075 - Good Old Fashioned Cybersecurity
After spending some time on the AI cybersecurity side of things I opted to check on the "Good Old Fashioned Cybersecurity" of some of the same platforms making spectacularly bad AI security decisions today.
Google has one of the worst and most convoluted systems to navigate, and for bad UI/UX Microsoft is the only major tech company that reliably manages to do worse. Even with their spectacularly terrible heap of systems, it didn't take long to convince them that I legally reside at the Taj Mahal.
For the companies with UI/UX that weren't designed by a dart-throwing-chimpanzee, this process was even easier, including a major bank.
So why is this important?
Considering I've never set foot in India and don't have a SIM card, IN bank, or tax ID for it, this may seem surprising. Perhaps you might also think they'd notice me putting in the address of a well-known landmark. However, systems have grown sufficiently complex and interdependent that even if one system uses strict enforcement, it often relies on another that does not. The attack surface of these systems has been severely underestimated and misunderstood.
For example, Google's terrible heap of UI/UX enforces a set of strict and opaque criteria on Google Play. However, that system defers to Google Pay (not to be confused with "Play"). You'd think that the payment system would be more strict, rather than less, but you'd be very wrong. After an irritating number of 2FA and CAPTCHA, it was trivial to adjust that data to pretty much any location desired.
Payment and banking systems have a reputation that hinges on their security and the accuracy of their data. Many other systems defer to them for that data, even when the other systems would otherwise require far more strict and difficult to bypass criteria being met.

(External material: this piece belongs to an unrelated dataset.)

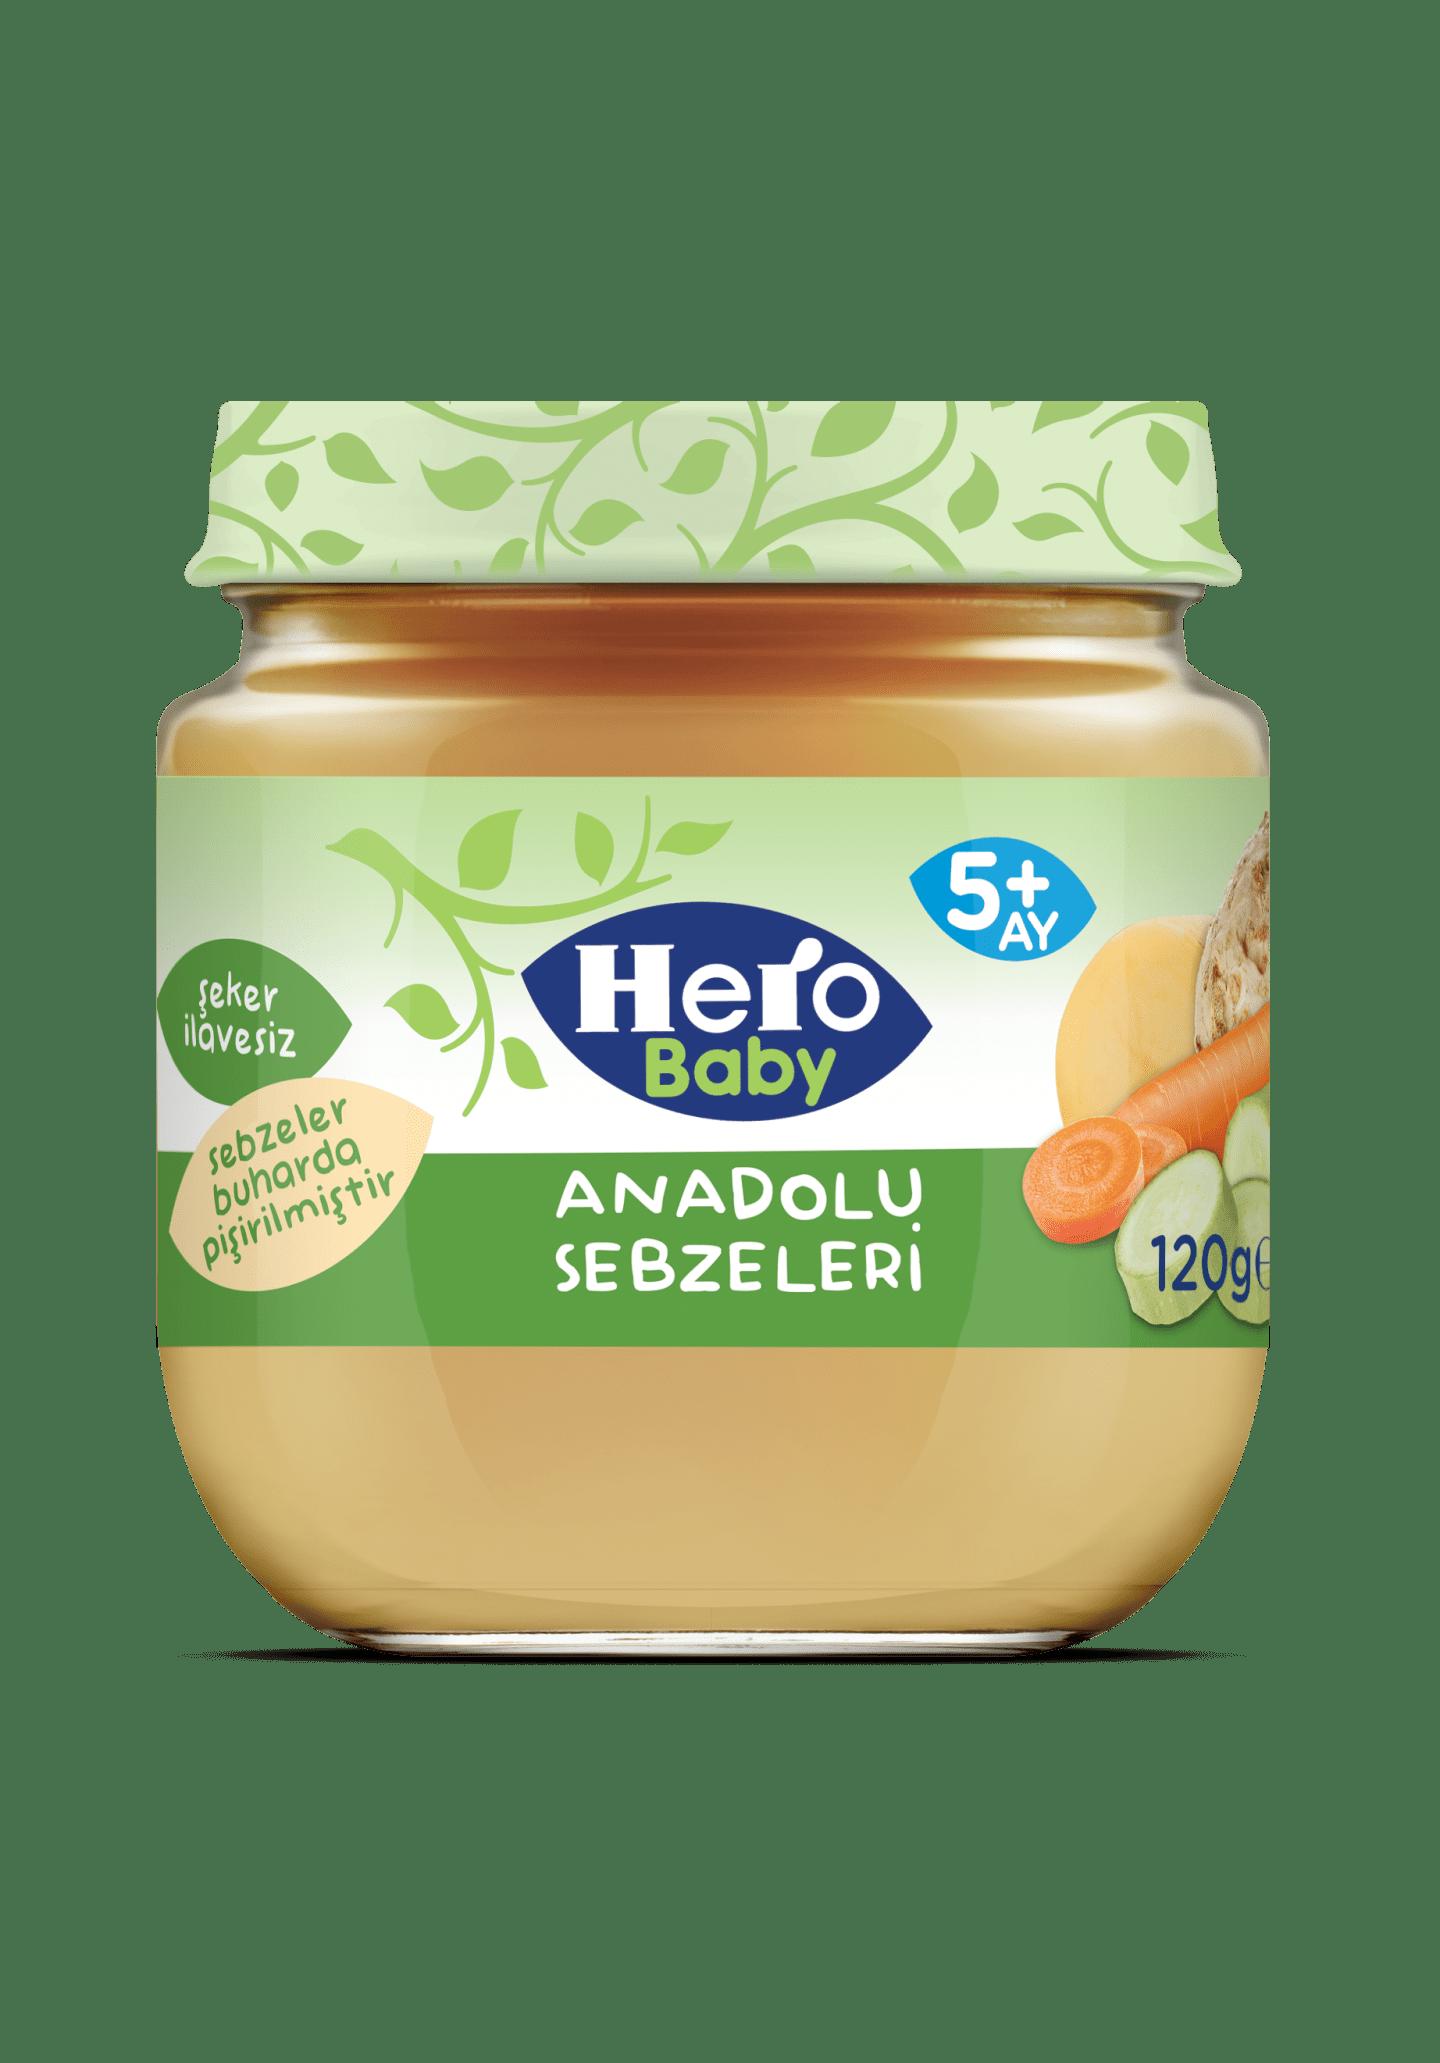 Anadolu Sebzeleri

Keep in mind that the solutions to this aren't simple, as the problem space is hyper-complex and global in scale. Attempts at simple solutions will invariably backfire, and they will backfire in new and progressively worse ways over time since the complexity will continue to rise.
As I'm prone to often point out, the technology already exists to handle this, but major firms are too busy throwing money at bad ideas, like "BloombergGPT", and the dozen or so aimless labradoodles that Elon Musk hired to host his own dog show.
AI cybersecurity isn't the only thing that needs some serious attention, sooner rather than later.